Though the printers haven’t yet been widely used by Wellesley students — after all, Tynes just unboxed them in January —  students can contact Tynes if they have something that they want to use a 3D printer for.

“I think it would be great if people started getting in touch because then we’d be able to realize how people are using these things, how they’re interested in using them and what they’re going to need them for,” he said.

Ravishanker and Woods believe that having the 3D printers in the library allows people from a variety of disciplines to come together and work on projects in a common area.

3D printers have applications beyond academic and industrial use. Tynes said that he once helped a Wellesley department that needed a special wrench to remove safety bolts and release things bolted to a desk, after someone had lost the wrench. Tynes was able to create a three-dimensional scan of the bolt and used a 3D printer to make a wrench that was the inverse of the bolt’s shape.

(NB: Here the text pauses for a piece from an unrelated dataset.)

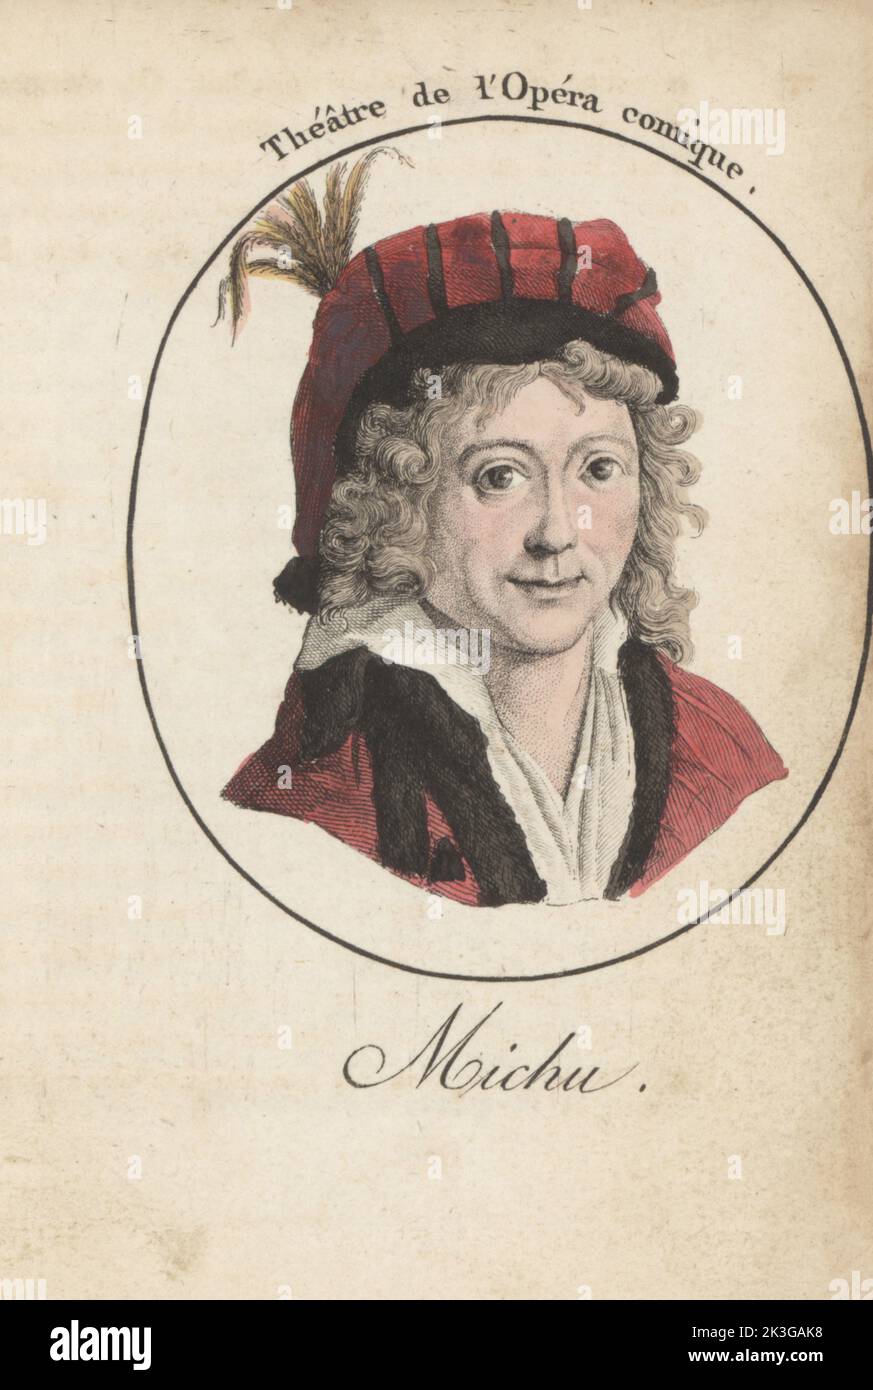 Louis Michu, French actor, singer and musician who performed at the Theatre Italien, later the Opera Comique, 1754-1801. Drowned in the Seine in 1801. Michu. Theatre de l'Opera Comique. Handcoloured stipple engraving after Jacques Grasset Saint-Sauveur from Acteurs et Actrices Celebres, Famous Actors and Actresses, Chez Latour Libraire, Paris, 1808. Stock Photo
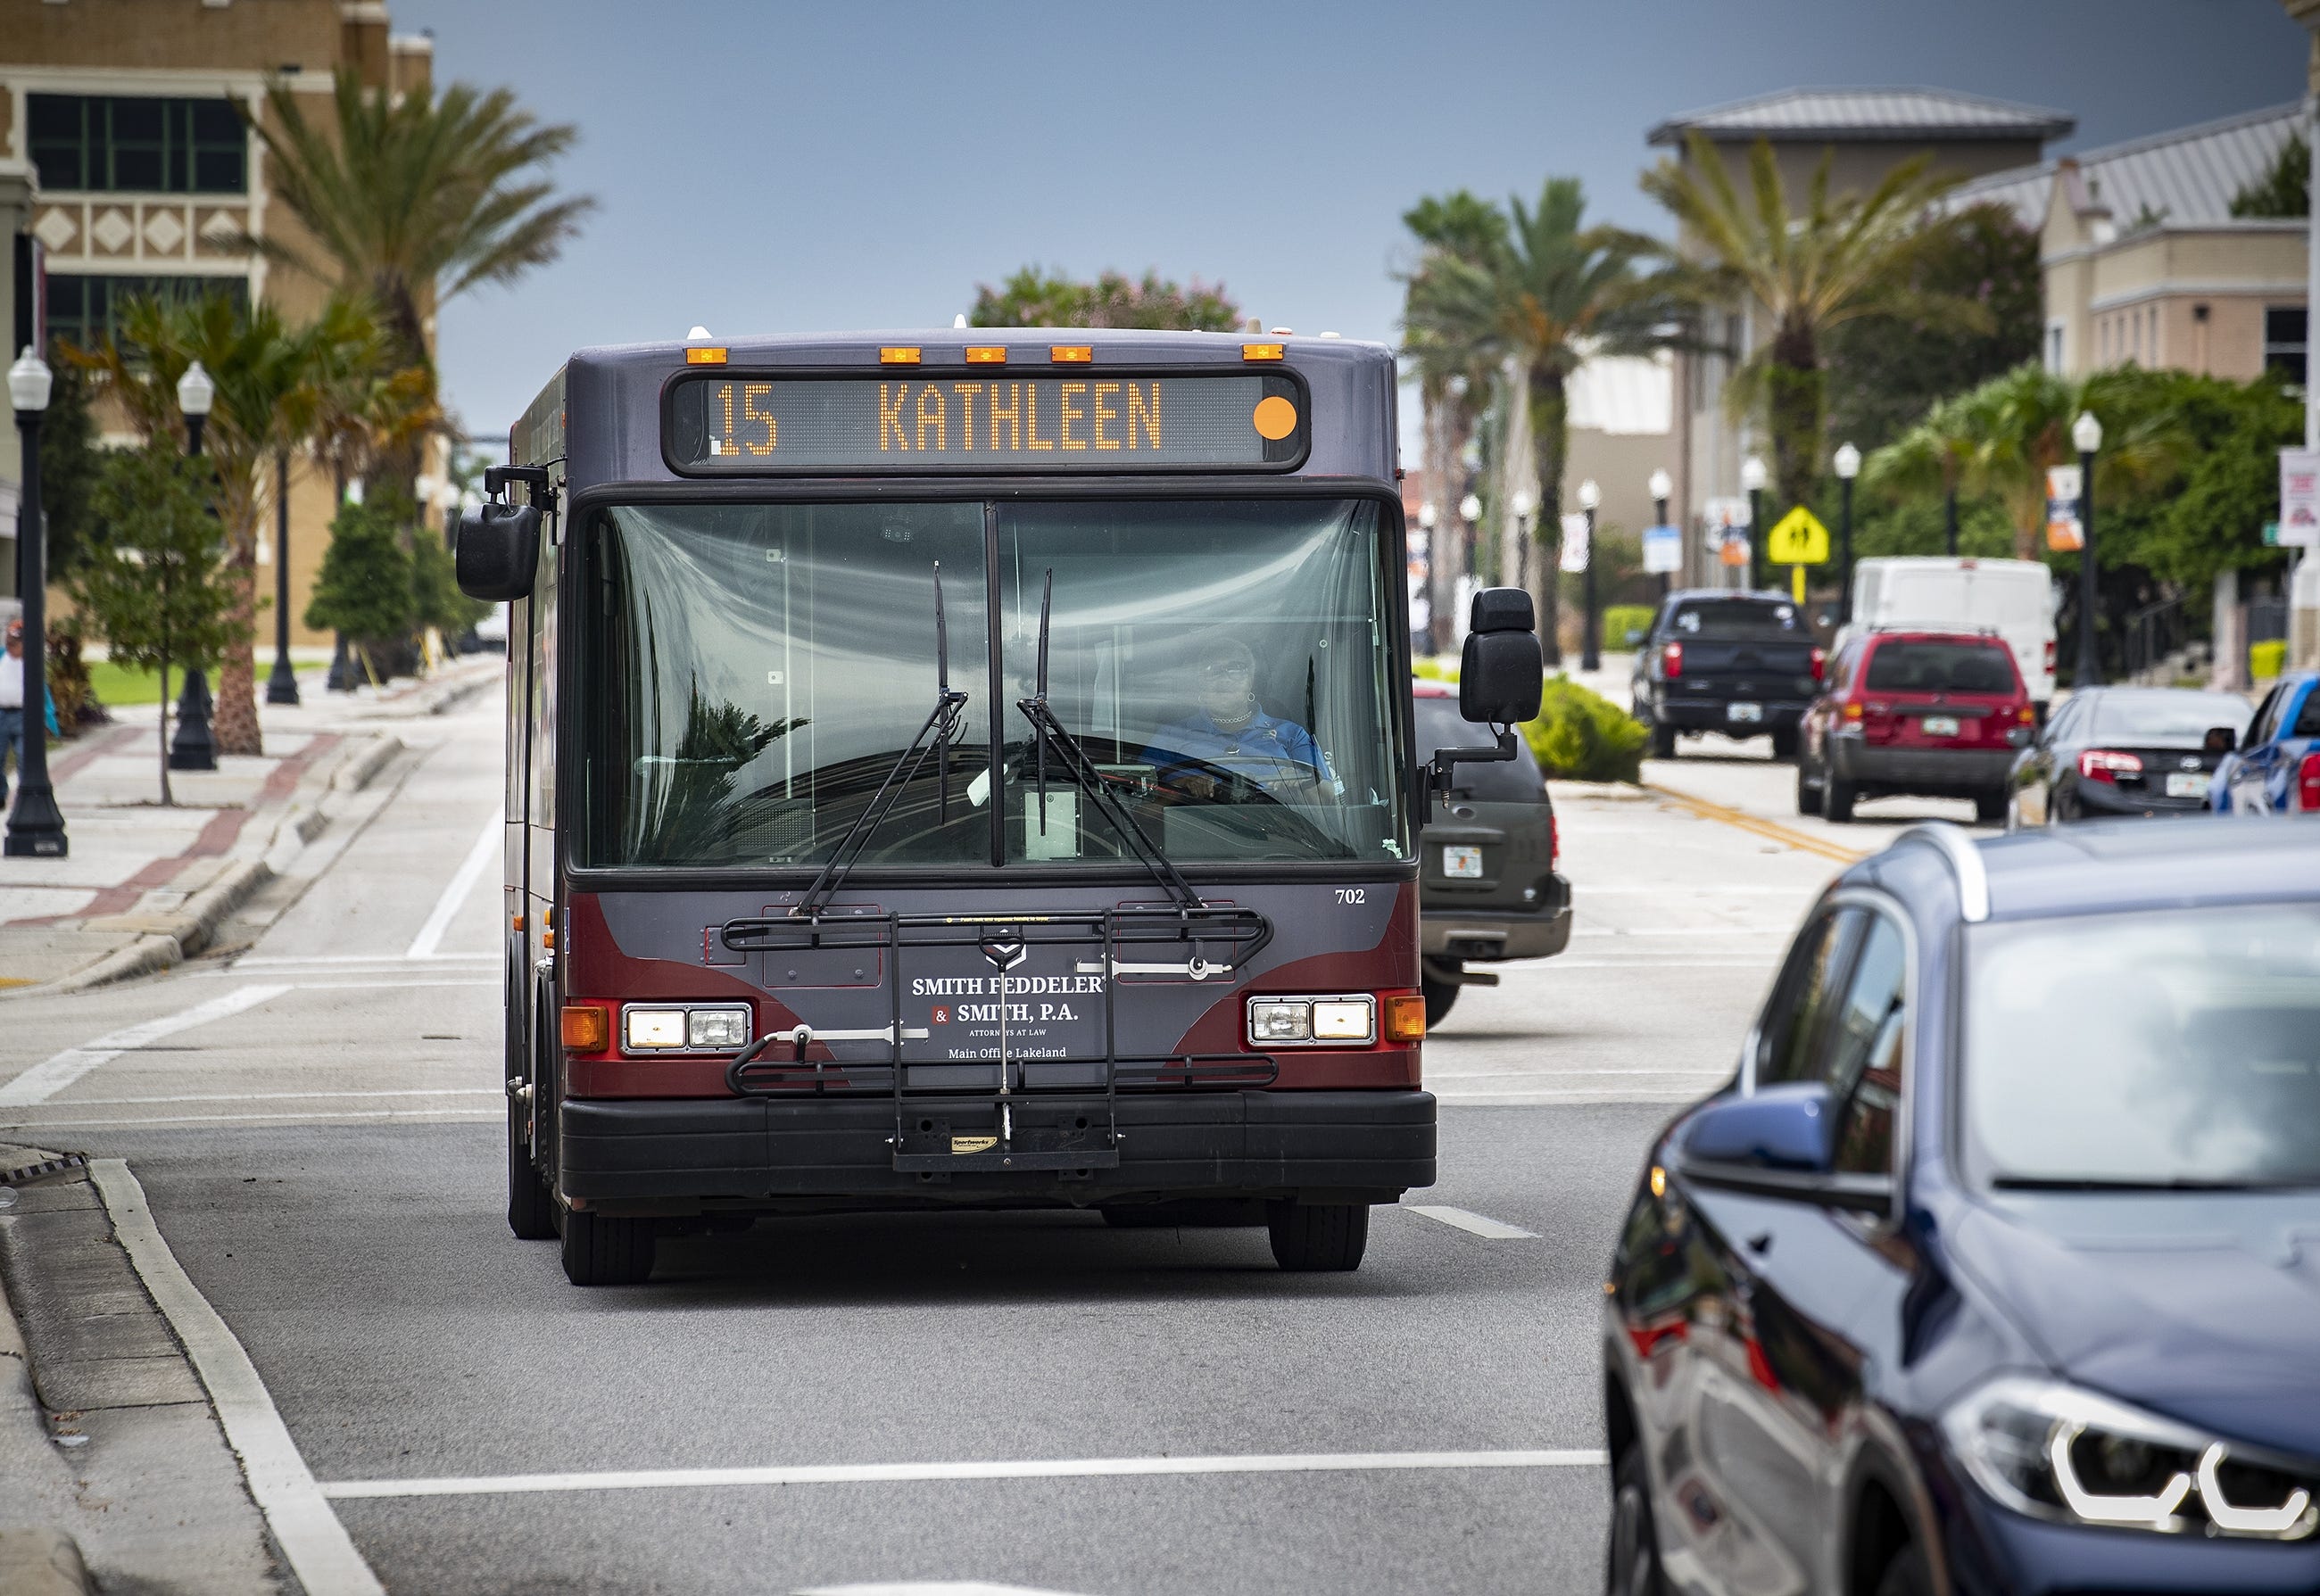 Mobile ticket app, WiFi coming to Lakeland's buses

If people begin to put 3D printers in their homes, they can use them to replace anything from broken dishwasher parts to camera lenses.

While printers have traditionally been used to print plastic, companies are working on ways to print in different materials. One company created a wood filament for 3D printing that is 70 percent wood and 30 percent plastic. 3D Systems, a 3D-printing company, agreed to a partnership with Hershey’s earlier this year and will work to create a machine that can produce 3D-printed candy.

Last year, a New York Times writer documented his experience creating 3D-printed food to go with his 3D-printed utensils.

3D printers are becoming affordable enough for ordinary consumers to use, but the big challenge is making them easy enough for consumers to use as well. Now that Wellesley has 3D-printing technology, perhaps students here will be involved in modeling and molding what the future of 3D printing looks like.